そして静かに思えば、これまで幾人の人々と交わっては、別れ、別れして、
今は何処にいかなる生活をしているものやら、わからない人々があることだろう。
そしてそれらの人々をいかにして愛しようか。
この時、もし愛の深い人であるならば、耐えがたき無常を感ずるであろう。
その時殆ど私たちは愛する力も、知恵も無いことを感ずる。
そして、ただ愛したい願いだけが高まっていく。そして運命の力を感ずる。

「歎異抄」のなかにも、何人も知るごとく、慈悲に聖道浄土の変わりめあり。
聖道の慈悲というは、ものをあわれみ、かなしみ、はぐくむなり。
しかれども、おもふが如く助けとぐること。きはめて有難し、
ほんとうの愛にはみずからを表現する言葉がない。
ほんとうの愛は存在であり、あなたはそれを感じる。
それはあなたを風のように包み込む、それはあなたに雨のように降り注ぐ。

「禅」は愛であり、禅は慈悲だが、宣言をする必要はない、声明をしなくてもいい。
愛が最初にあなたの存在のもっとも深い核心で起こらねばならない。
それはひとりでいることの、幸せにひとりでいることの、歓びに満ちて
ひとりでいることの質だ。
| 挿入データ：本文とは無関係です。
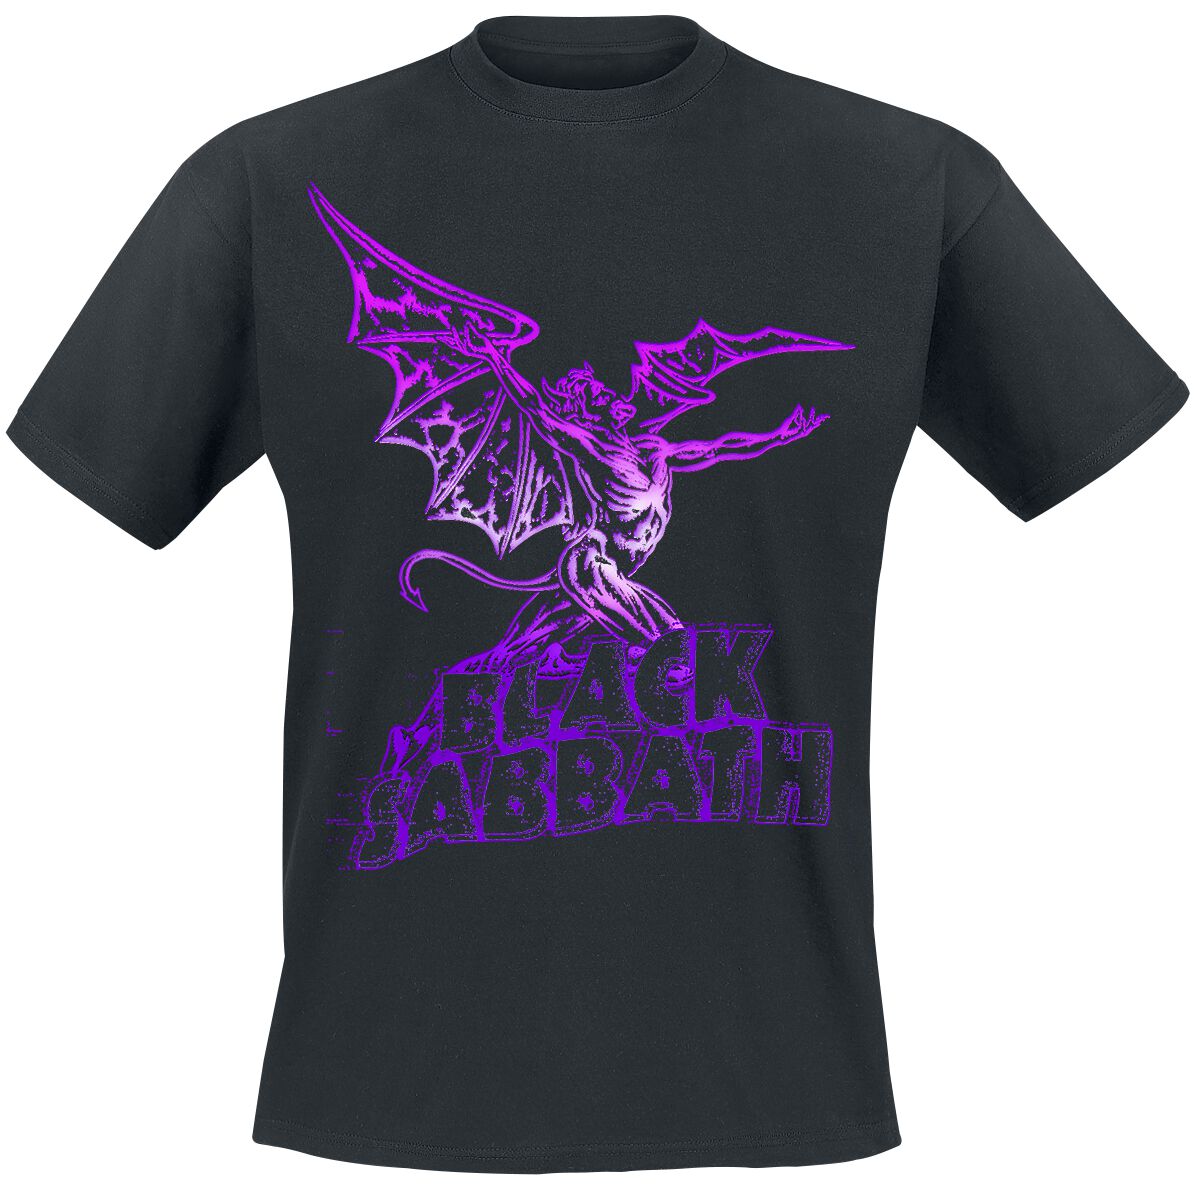 Black Sabbath T-Shirt - Gradiant Demon - S bis 3XL - für Männer - Größe XL - schwarz  - Lizenziertes Merchandise!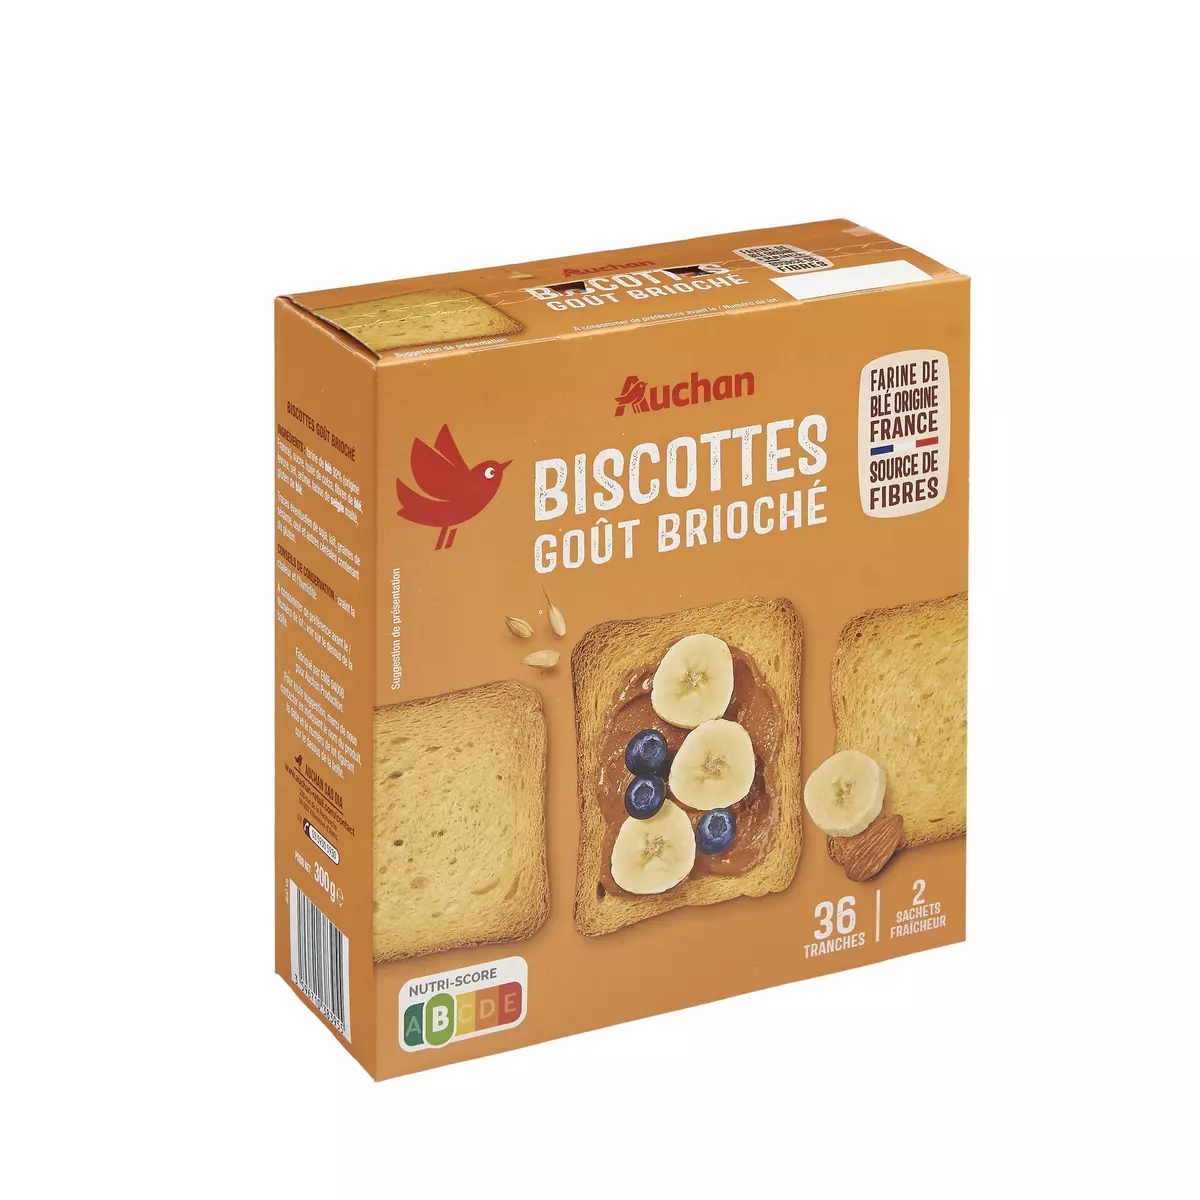 AUCHAN Biscottes saveur briochée sans huile de palme 2x18 biscottes 300g

それは無心でいることの、静寂でいることの質だ。
それはからっぽの意識の空間であり、その状況のなかで、
あなたのなかに愛が起こってくる。

そう、あなたの言うとおりだ、愛は世界でただひとつの希望だ。
そして私たちはその転回点に近づきつつある。全面的な戦争か、
それとも全面的な愛か。これはどちらを選ぶかの問題であり、
第三の選択肢はない。もはや妥協できるものはなく、あなたは真ん中に
とどまれない。人は選ばなければならない。それは生きるか死ぬかの問題だ。
戦争は死であり、愛は生命だ。

人と人との接触に関心する人々の心に在って最も重き地位を占めるものは
言うまでもなく愛の問題である。愛は初め花やかになる一団の露のごとくに、
たのしく、胸を躍らす魅力を備えて私らの前に現れる。
愛を凝視せよ、愛を生きよ、その時私たちは初めて愛の種族に気が着くのであろう。

即ち母子の愛と、男女の愛と隣人の愛とが区別されて感ぜられるようになるだろう。
この差別の目に見えるようになるまでは愛のディレッタントである。
未だ愛を知っているとはいえない。そしてこの区別の見えるようになるには
人は多くの冷めたい涙と苦い経験を味わうものである。
愛の問題を真実に、自己の問題として生きる人は必ずこの区別が見えるように
なるに違いない。その時から後に真実の愛が生まれるのである。

音楽の世界にとって愛なくして語れるものは無い。